I am trying to do a simple group_by and count of a database of customer to find out how many customers are buying our products.
The code is something like thing
customer_grouped <- customer_dataset %>% group_by(customer_name) %>% summarise(n=n())
However, I notice that the same customer can have his name written in different way. The result looked like this
customer_name | n |
---|---|
Will Smith | 5 |
Will smith | 3 |
will Smith | 3 |
will smith | 15 |
will smith the actor | 15 |
Will Smith the actor, 1990 | 15 |
I know all of them are the same customer i.e Will Smith, just that the staffs have inputted his name under different format. How will I use group_by to find the number of orders for each customer ?

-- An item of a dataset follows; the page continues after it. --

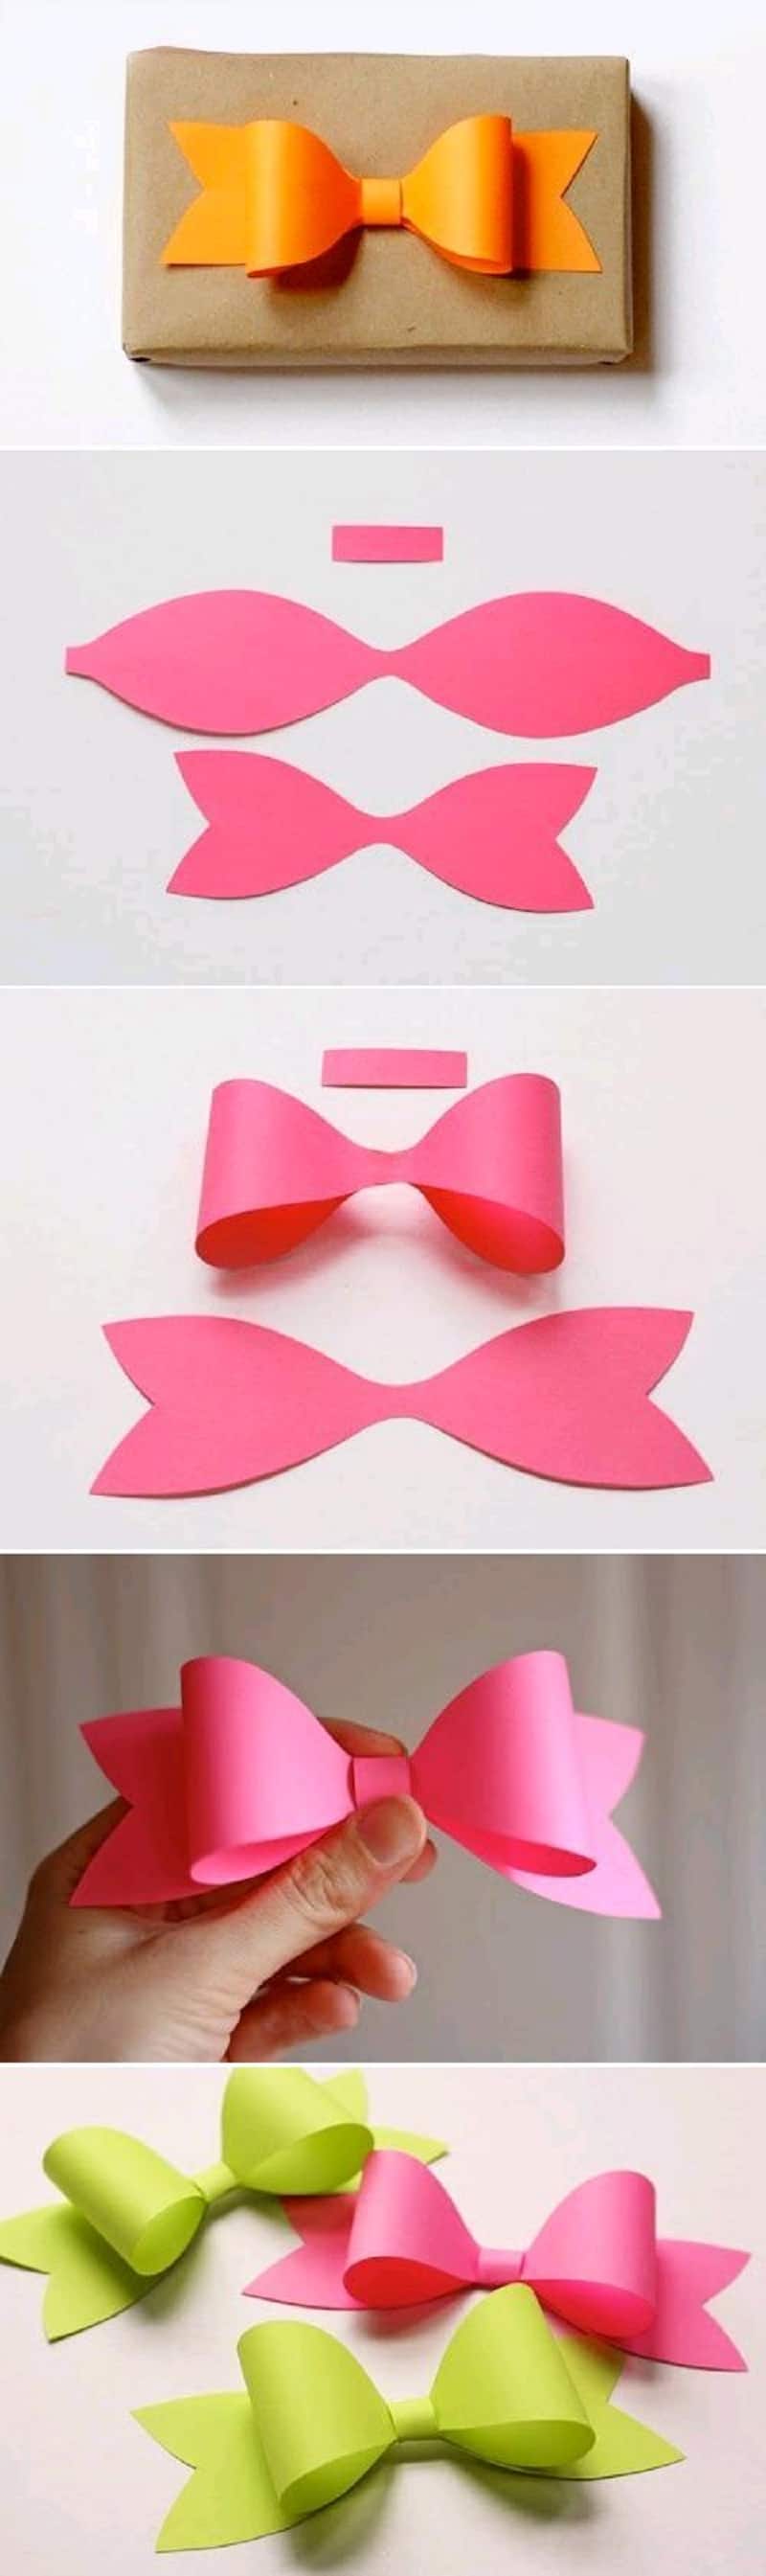 Foam paper gift bow

CodePudding user response:
Ideally, you can avoid this step if there is a unique customer identifier. De-duping customer lists is a whole industry, so there is unfortunately not a general-purpose code solution. There are many edge cases, including capitalization (sometimes meaningful for distinctions), misspelling, middle names, cultural variations in order of names, punctuation, aliases, many people change their names over time, honorifics, etc etc etc etc. And there are many people who share their name with others.

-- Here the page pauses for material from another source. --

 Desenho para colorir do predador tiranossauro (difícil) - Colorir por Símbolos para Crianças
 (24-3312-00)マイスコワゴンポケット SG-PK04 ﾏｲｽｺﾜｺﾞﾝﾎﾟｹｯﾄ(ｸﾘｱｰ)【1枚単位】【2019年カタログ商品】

For your example data, you could convert to lower case and take the first two words, like
library(stringr);
customer_dataset %>%
count(customer_name = customer_name %>% str_to_lower %>% word(1,2))
btw, count(x)
is a shortcut for the common pattern group_by(x) %>% summarize(n = n())
, and both count
and group_by
allow you to perform manipulations on the grouping variable before it is grouped.